*** The data ***
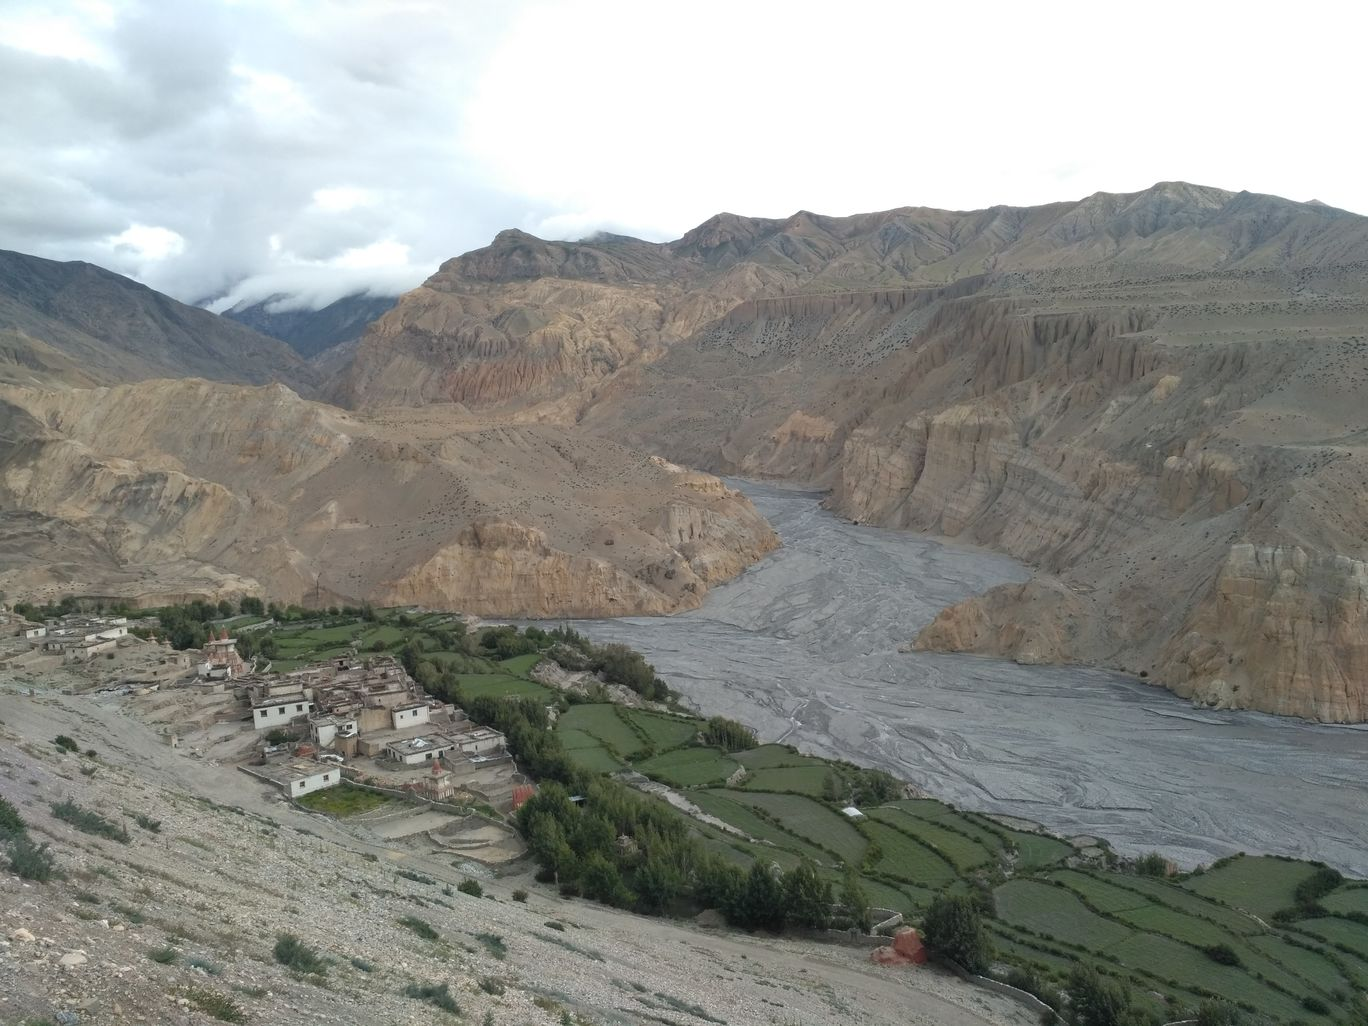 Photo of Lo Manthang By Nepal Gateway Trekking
***
*** The data ***
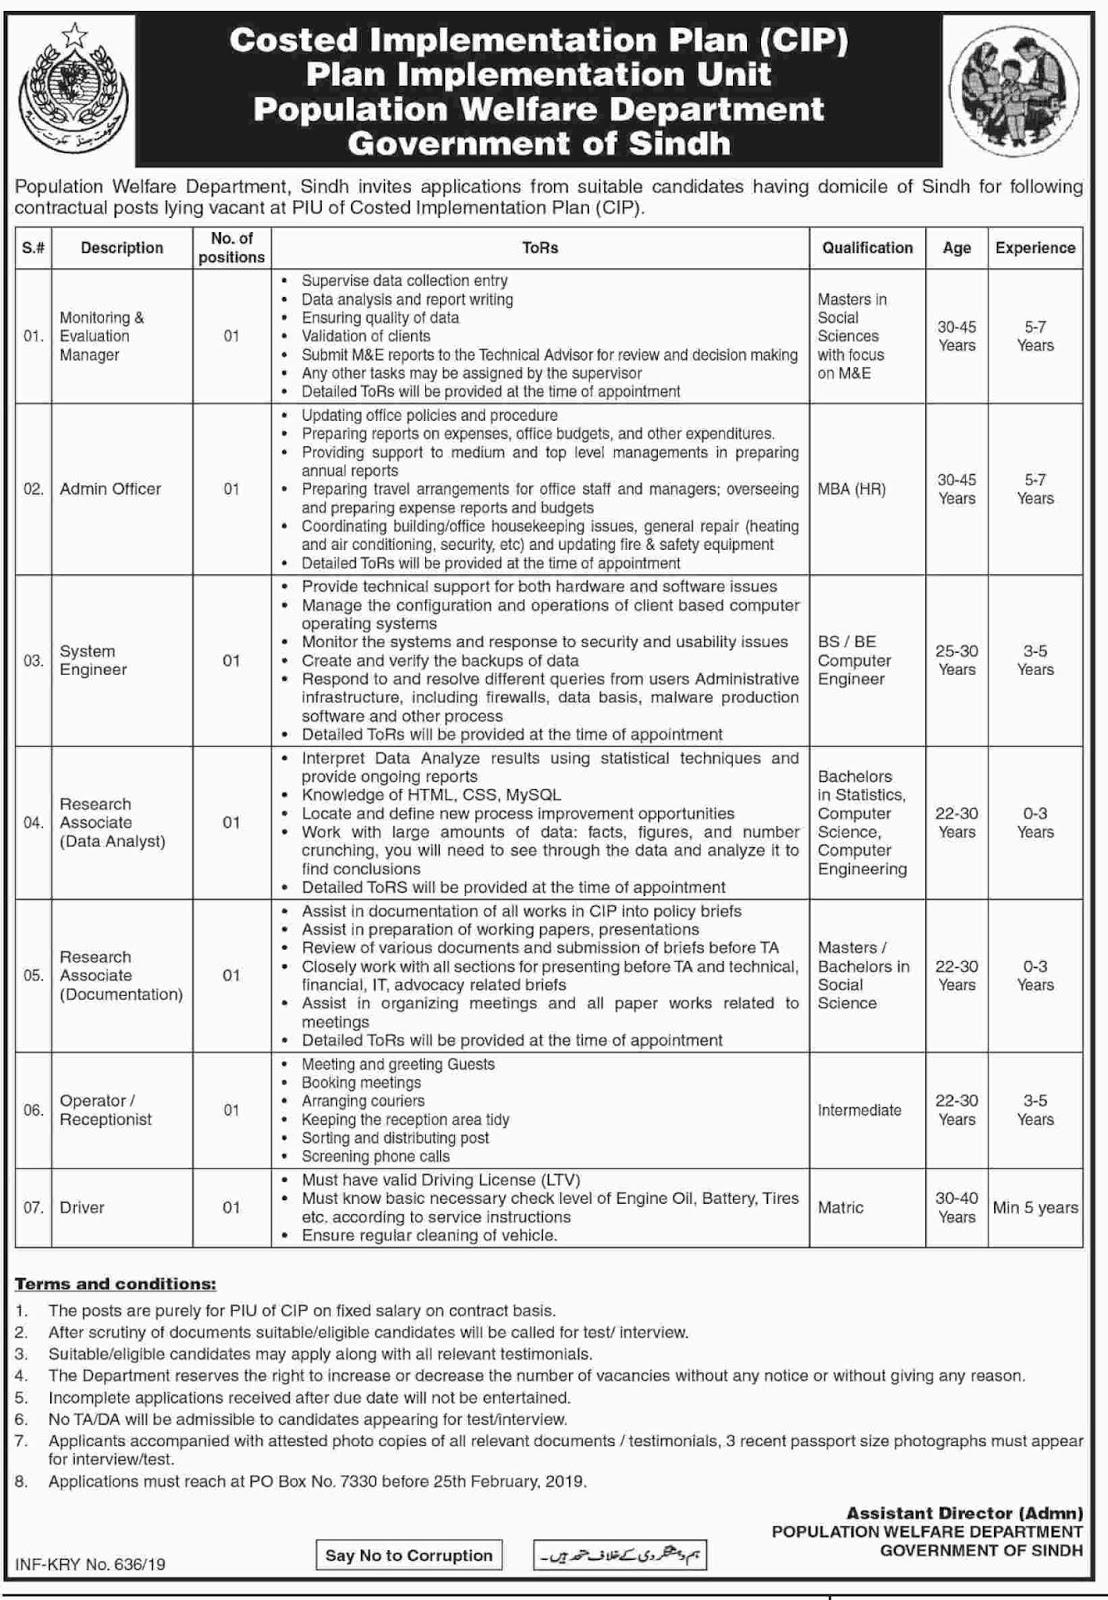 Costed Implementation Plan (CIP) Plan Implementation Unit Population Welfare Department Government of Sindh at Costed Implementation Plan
***
*** The data ***
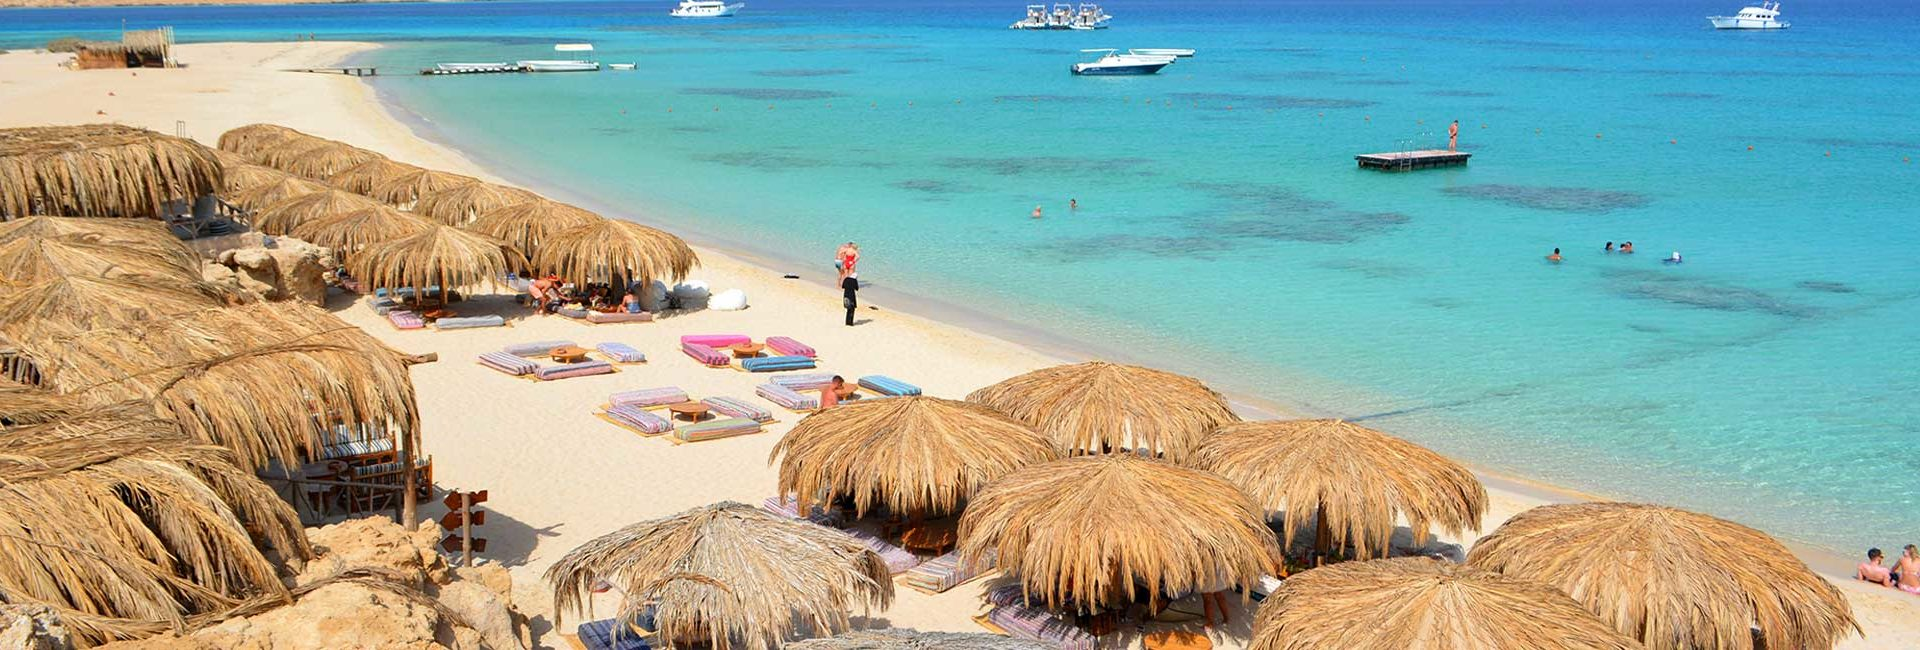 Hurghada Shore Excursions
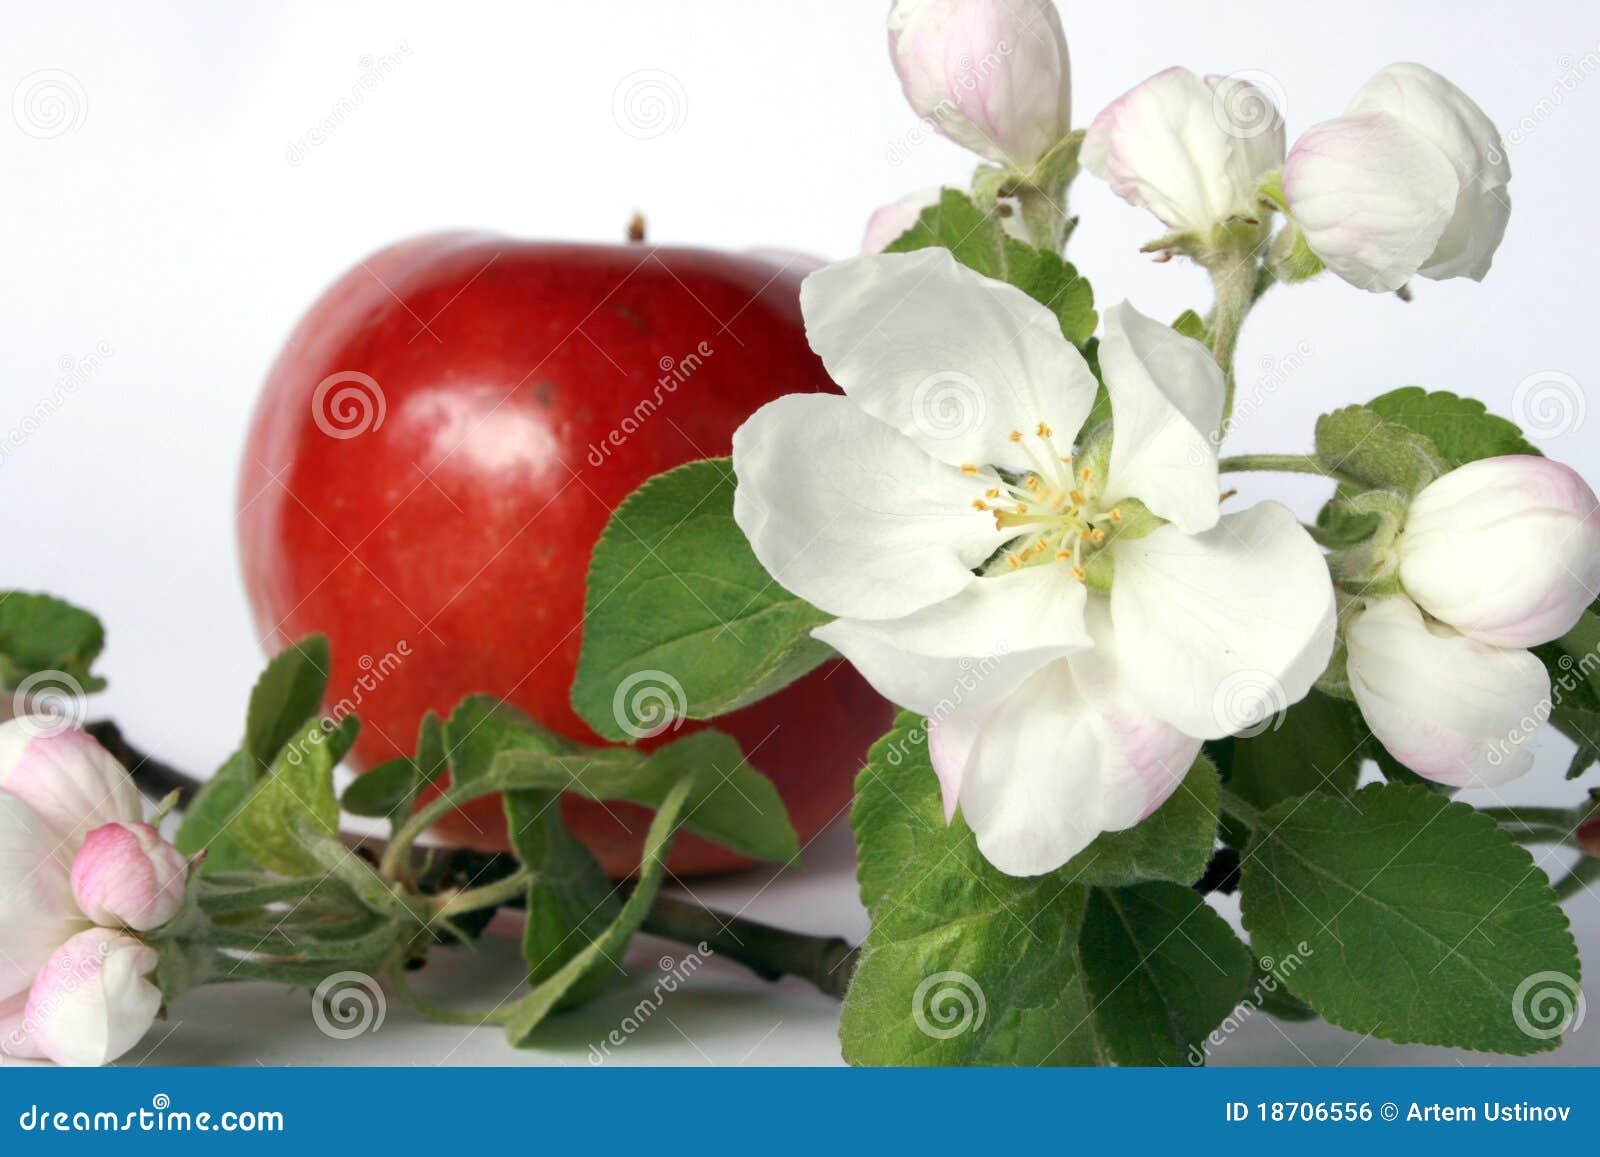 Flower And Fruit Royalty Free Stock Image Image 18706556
***
What is needed: Having found the line with "Hurghada Shore Excursions" and the line with "Flower And Fruit" in the material above, write out exactly those two and every line between, leaving the pictures out.

Exercise response:
 Hurghada Shore Excursions
 Flower And Fruit Royalty Free Stock Image Image 18706556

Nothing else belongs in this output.